Hundreds of 4KB SST files

We open the DB and when the operation is done, we close the DB. Is this pattern leading to too many small-size SST files?

Options are:

(an old post on Rocksdb google group:

Reply by zhichao: Is there only a small amount of write queries? Also, how many column families do you have?

Reply by the question author: Yes, Write queries are fewer, and we are using only the default column family. When we need to run the Read or Write operation, we open the DB and close it after 10 seconds.

Reply by Zhichao: Can you share more information, like how many SST files you have seen and what’s their sizes?

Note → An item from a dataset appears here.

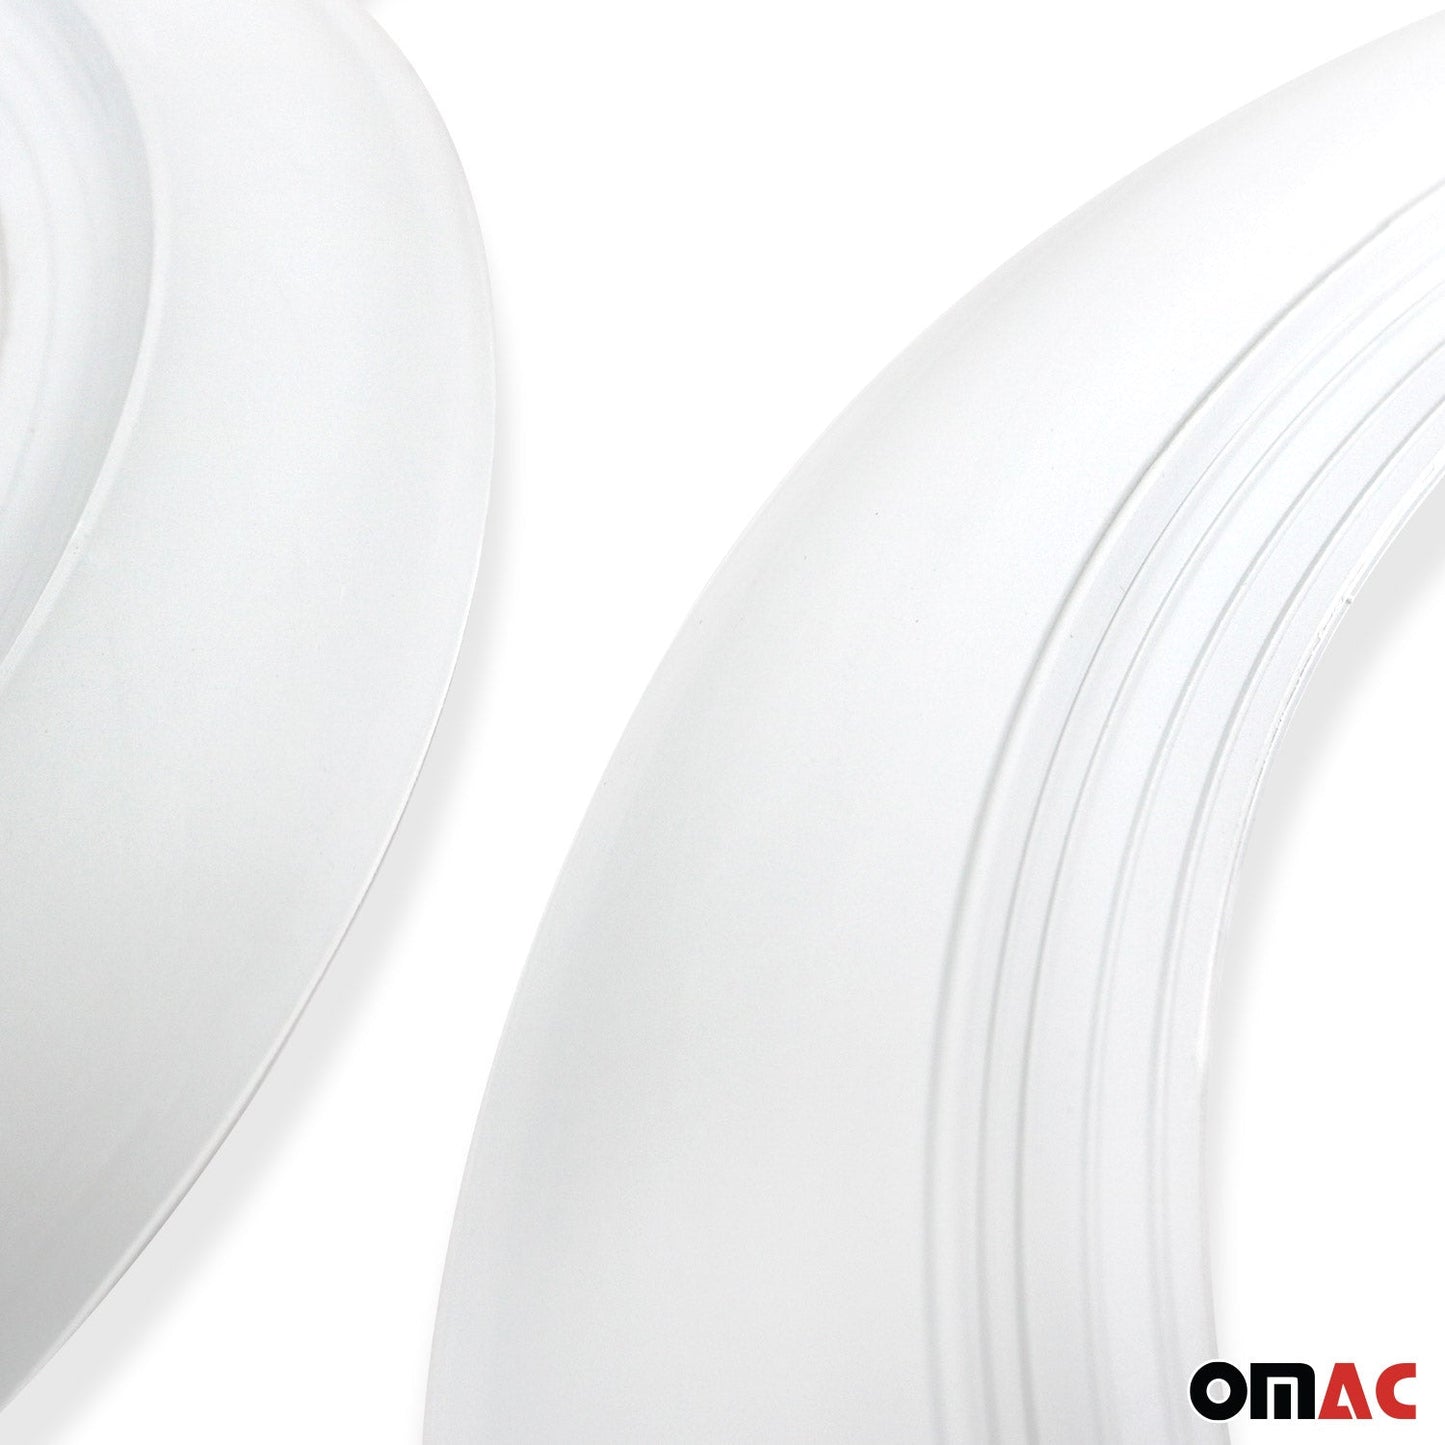 OMAC 15" Rims Portawalls White Wall Tire Insert Trim Sidewall Set of 4 Pcs 96TW015W

Reply by the question author: Still searching for the solution, Open rocksDB, insert a record and close it. It will create a new 4KB sst file. Is there any way to force rockDB to add files in the same sst?

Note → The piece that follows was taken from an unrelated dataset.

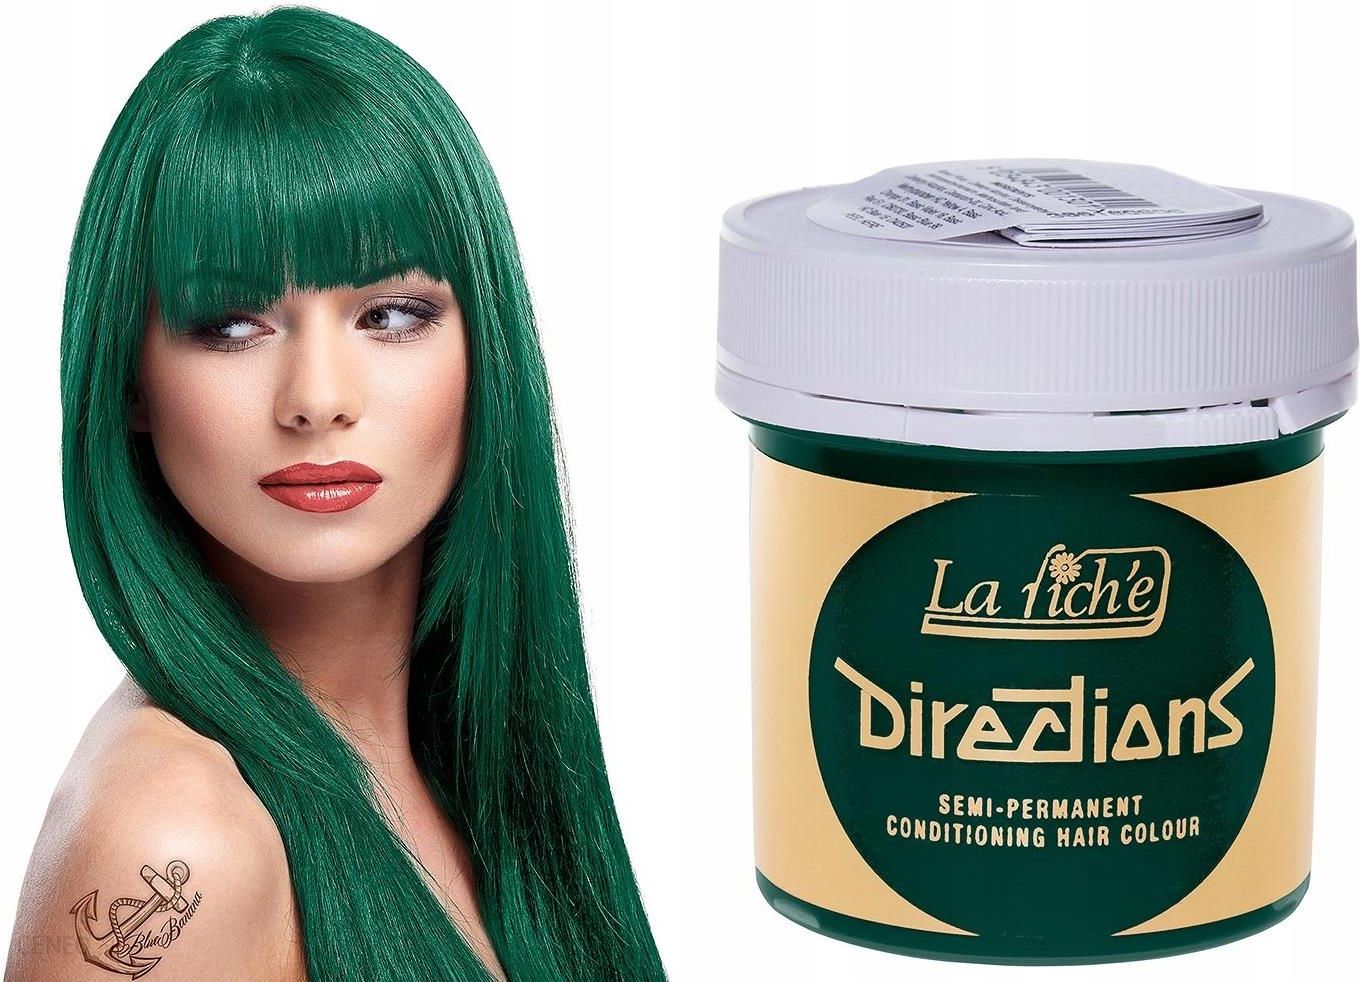 La Riche Directions Alpine Green Hair Dye

Reply by Zhichao: SST files are immutable after it is created. This is the basic design principle of LSM based KV. So, after you insert a new record and close it, a Flush is triggered and it will create a new SST file for sure.

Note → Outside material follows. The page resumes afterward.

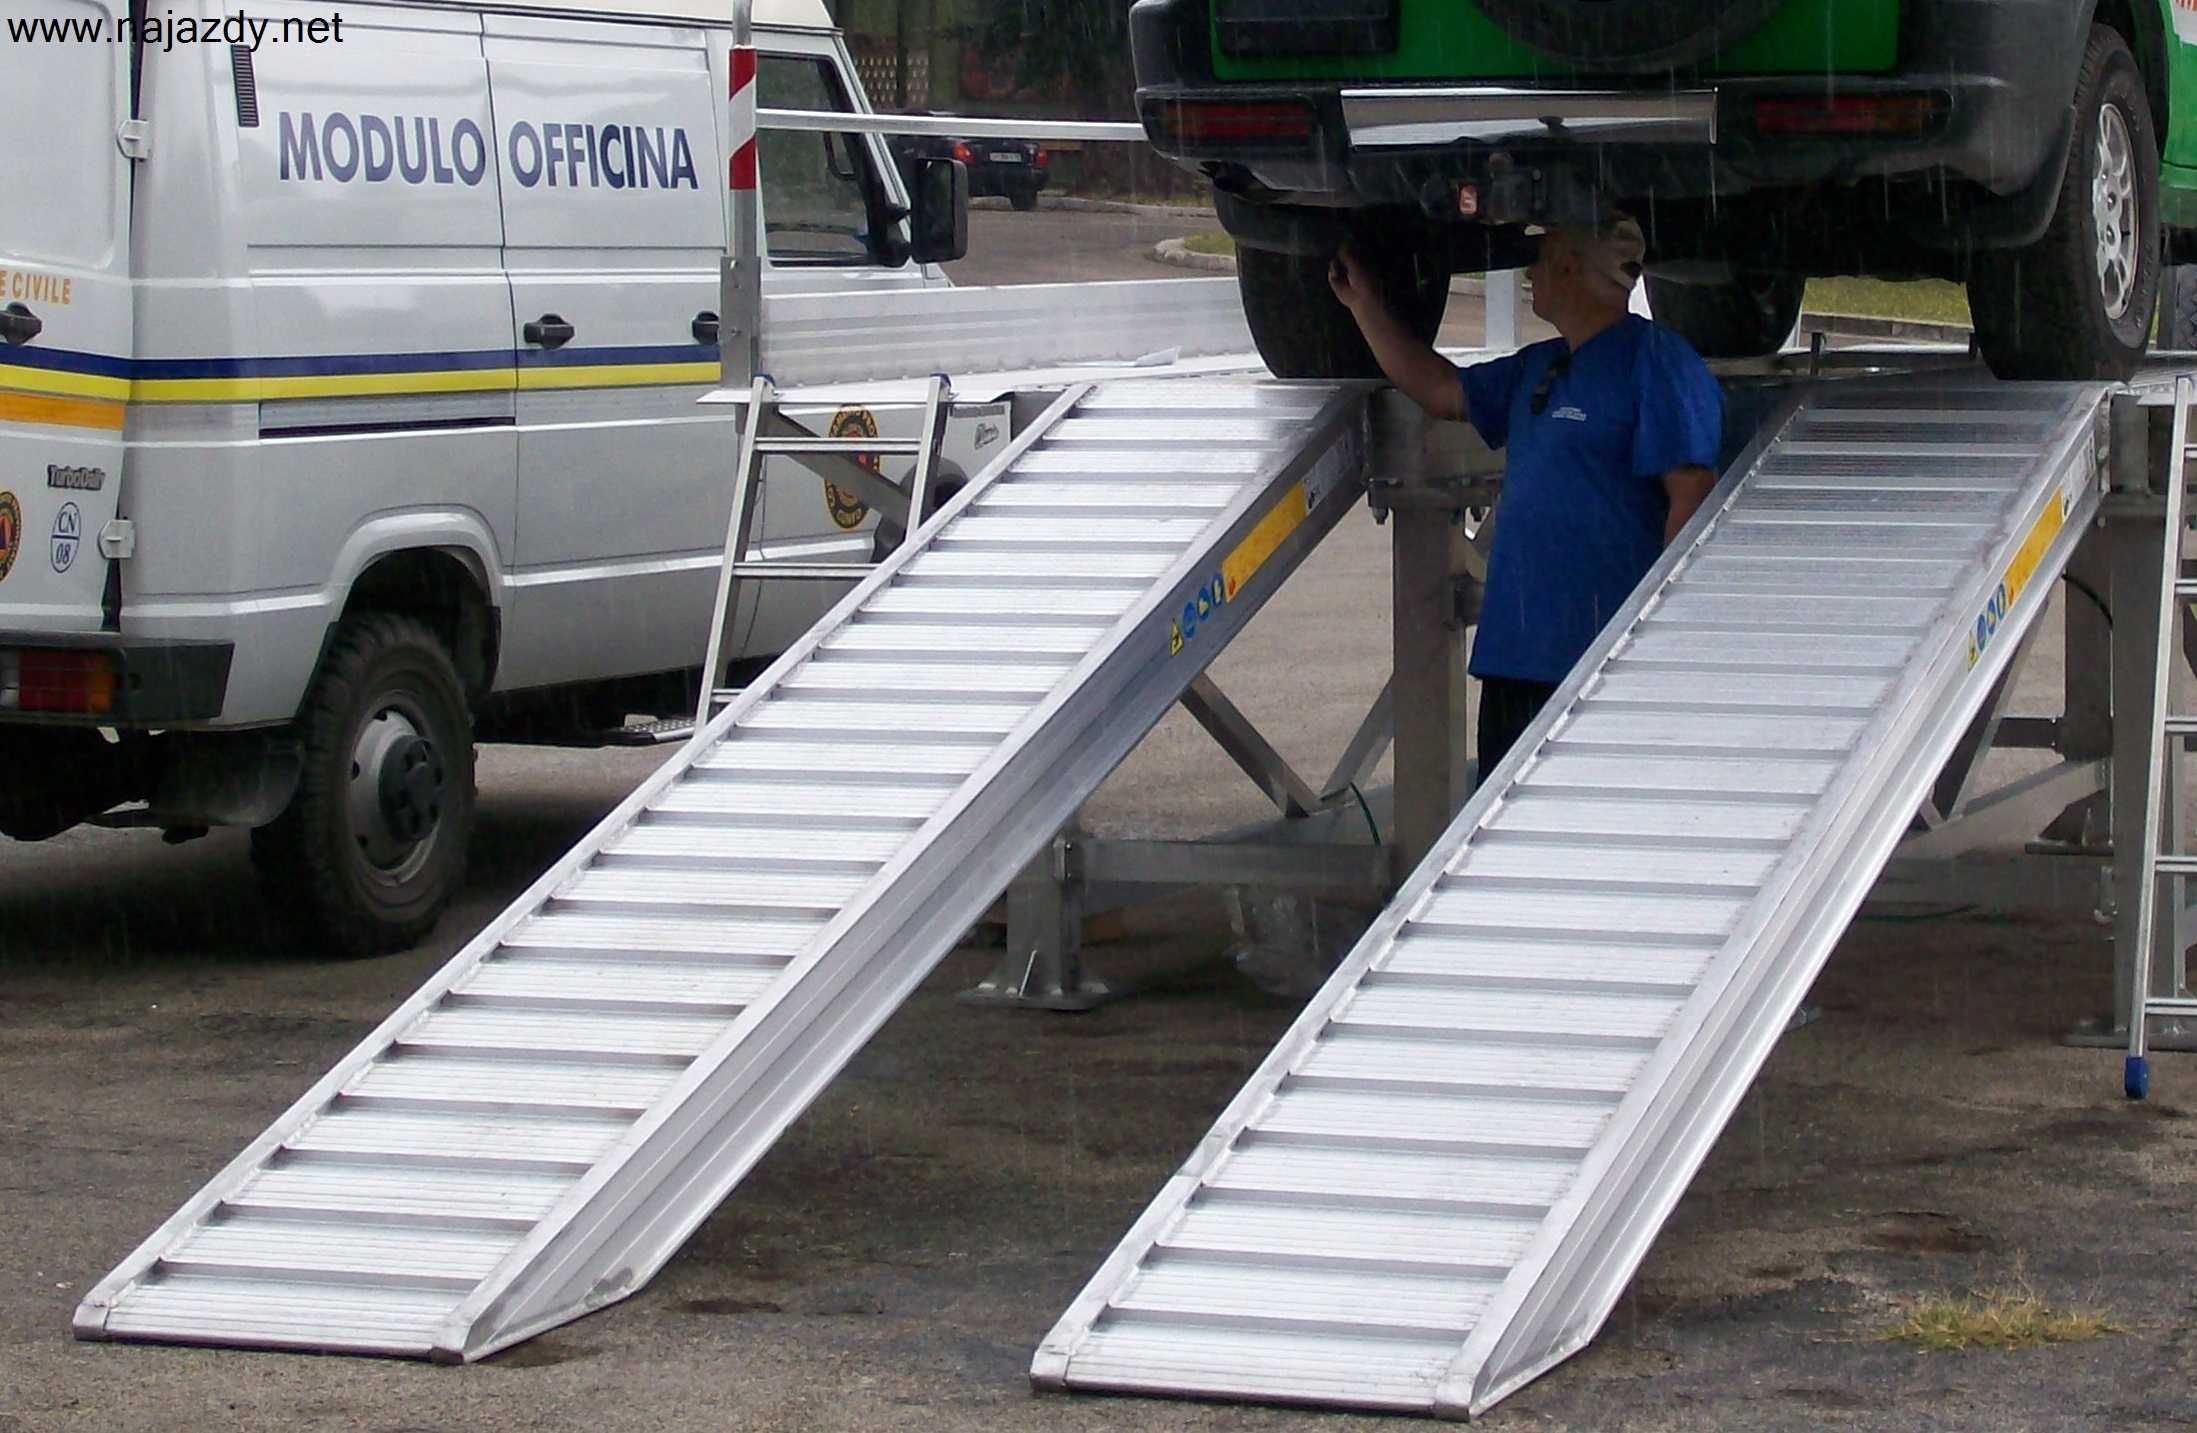 Najazdy Aluminiowe 4m 4000kg /Włoskie/ Tax Free

Reply by Tomas: The problem is that flushed SST is not in collision with existing files so that it is just creating new ones. Normally when you have random writes it should merge together after some time. It is happening for us as well and only solution for me was to write custom job that simply look for these small files. If there are too many small adjacent files on same level I simply compact them together with CompactFiles. My algorithm use sorted files (by user key) and count size. If there are more then X amount of adjacent files with total size less then Y then I merge there into one.

Recent reply by Eric M.: Yes, that is the issue we have as well. The keys do not overlap and our application sometimes generates thousands of SST files. We have tried a similar approach to what @Tomas proposed, but it seems that CompactFiles does not combine files that don’t overlap.

Reply by Hilik, Speedb’s co-founder and chief scientist:
each time you close the database a new sst is generated. You can use different compression type for level 1 and up to force a merge of the small files (otherwise they just move). p.s. we do not see a problem in running with many files (we run ulimit -n 1000000)